63.5K views on this video

one month update on my glp1 journey. total loss is 14.5 lb. #glp1 #trizepatide #wls #vsg #glp1tips #wlstips #wlsregain #gastricsleeve #bariatricsurgery

Frequently asked questions

Quick answers based on this video and our medical team review.

What does the video say about tirzepatide?

Tirzepatide is a dual GIP/GLP-1 receptor agonist, not a GLP-1 alone. Its distinct mechanism explains why SURMOUNT-1 (Jastreboff et al., 2022, NEJM) showed stronger weight loss than older GLP-1 drugs.

What does the video say about lean mass loss during tirzepatide use?

Lean mass loss during tirzepatide use is real: studies suggest 25-39% of total weight lost can come from lean tissue without resistance training (Wilding et al., 2023, Obesity Reviews).

What does the video say about 2.5 mg?

2.5 mg is a tolerance-building starting dose in the FDA approval pathway, not a maintenance dose. Most clinical trial efficacy data comes from 5-15 mg doses.

What does the video say about post-bariatric patients on glp-1 class drugs face compounded micronutrient deficiency?

Post-bariatric patients on GLP-1 class drugs face compounded micronutrient deficiency risk. Eating only protein with suppressed appetite does not cover B12, iron, vitamin D, or zinc needs.

What does the video say about magnesium's laxative effect?

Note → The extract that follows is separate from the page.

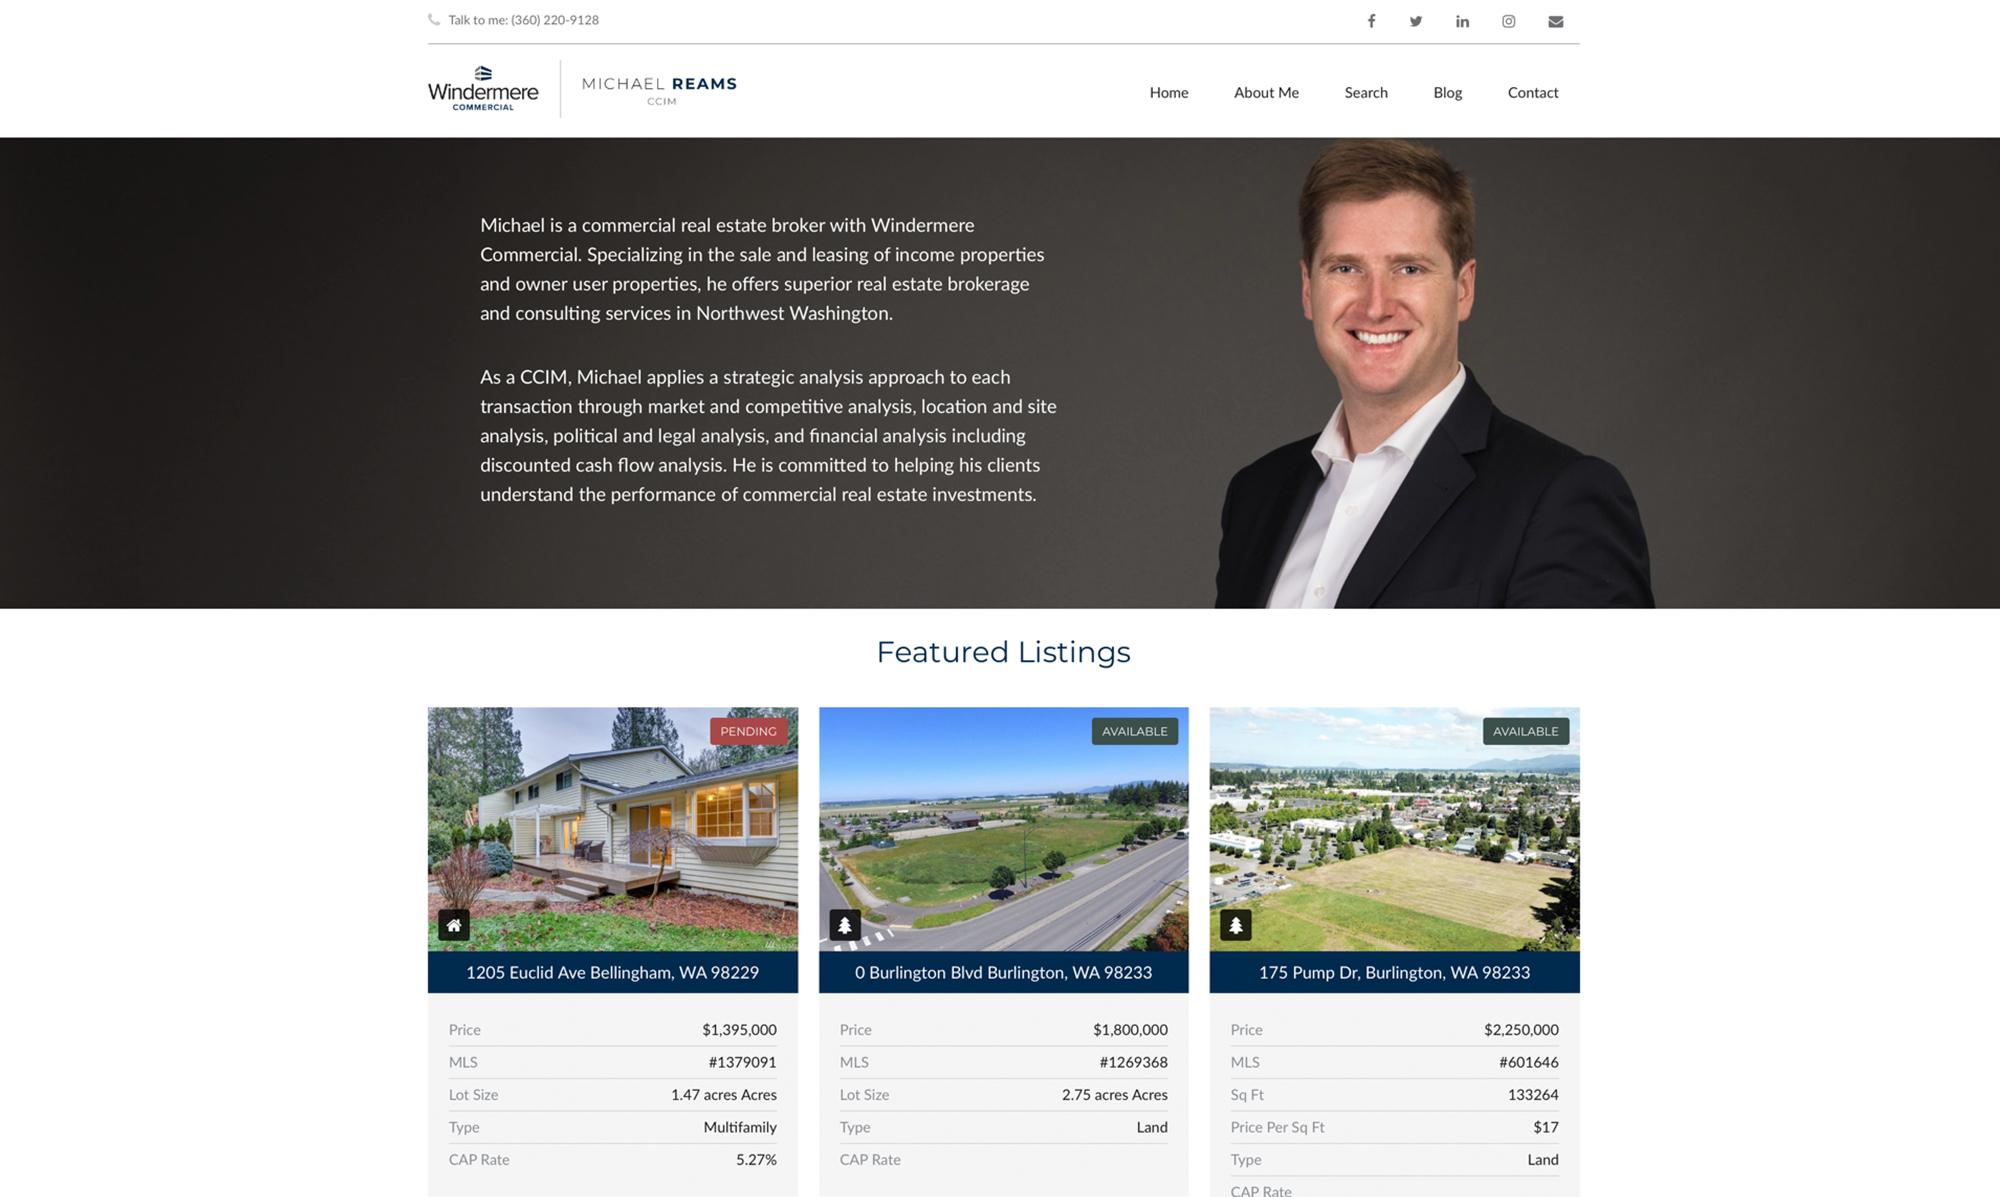 Michael Reams Real Estate Website Design & Development

Magnesium's laxative effect is osmotic and real, but constipation management during GLP-1 therapy should be reviewed by a provider, not treated as a fixed self-care protocol.

What does the video say about hannah's four-week results likely reflect both tirzepatide?

Hannah's four-week results likely reflect both tirzepatide and her prior bariatric anatomy. These outcomes are not generalizable to people without surgical weight loss history.

Educational use only. This fact-check is editorial content for general information. Nothing here is medical advice. Talk to a licensed provider about your specific situation before starting, stopping, or changing any supplement, peptide, or medication regimen.

Read More on This Topic

Our written guides go deeper with dosing details, comparison tables, and medical-team reviewed protocols.

Not medical advice. This video was made by hannah | healthy-ish recipes, not by FormBlends. Our write-up above is an editorial review, not a medical recommendation. Talk to your doctor before making any decisions about medications or treatments.